Repeat, exactly and alone, every line from the line that contains "Veuve Clicquot poster" to the end of the entries.
DATA TO PROCESS section start
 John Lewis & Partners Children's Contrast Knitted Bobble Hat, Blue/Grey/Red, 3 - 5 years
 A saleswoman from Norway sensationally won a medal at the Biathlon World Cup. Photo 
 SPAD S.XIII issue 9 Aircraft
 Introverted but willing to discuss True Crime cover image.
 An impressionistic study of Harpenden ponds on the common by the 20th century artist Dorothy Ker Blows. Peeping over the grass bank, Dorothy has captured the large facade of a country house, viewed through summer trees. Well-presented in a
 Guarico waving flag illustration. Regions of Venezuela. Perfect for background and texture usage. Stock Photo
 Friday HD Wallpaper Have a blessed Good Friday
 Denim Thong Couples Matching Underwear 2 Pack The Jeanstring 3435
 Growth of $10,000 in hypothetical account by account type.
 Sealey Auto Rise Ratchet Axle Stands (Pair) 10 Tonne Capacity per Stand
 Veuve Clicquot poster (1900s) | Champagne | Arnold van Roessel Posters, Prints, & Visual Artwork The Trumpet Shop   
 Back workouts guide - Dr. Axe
DATA TO PROCESS section end
### ANSWER TO THE PROBLEM
 Veuve Clicquot poster (1900s) | Champagne | Arnold van Roessel Posters, Prints, & Visual Artwork The Trumpet Shop   
 Back workouts guide - Dr. Axe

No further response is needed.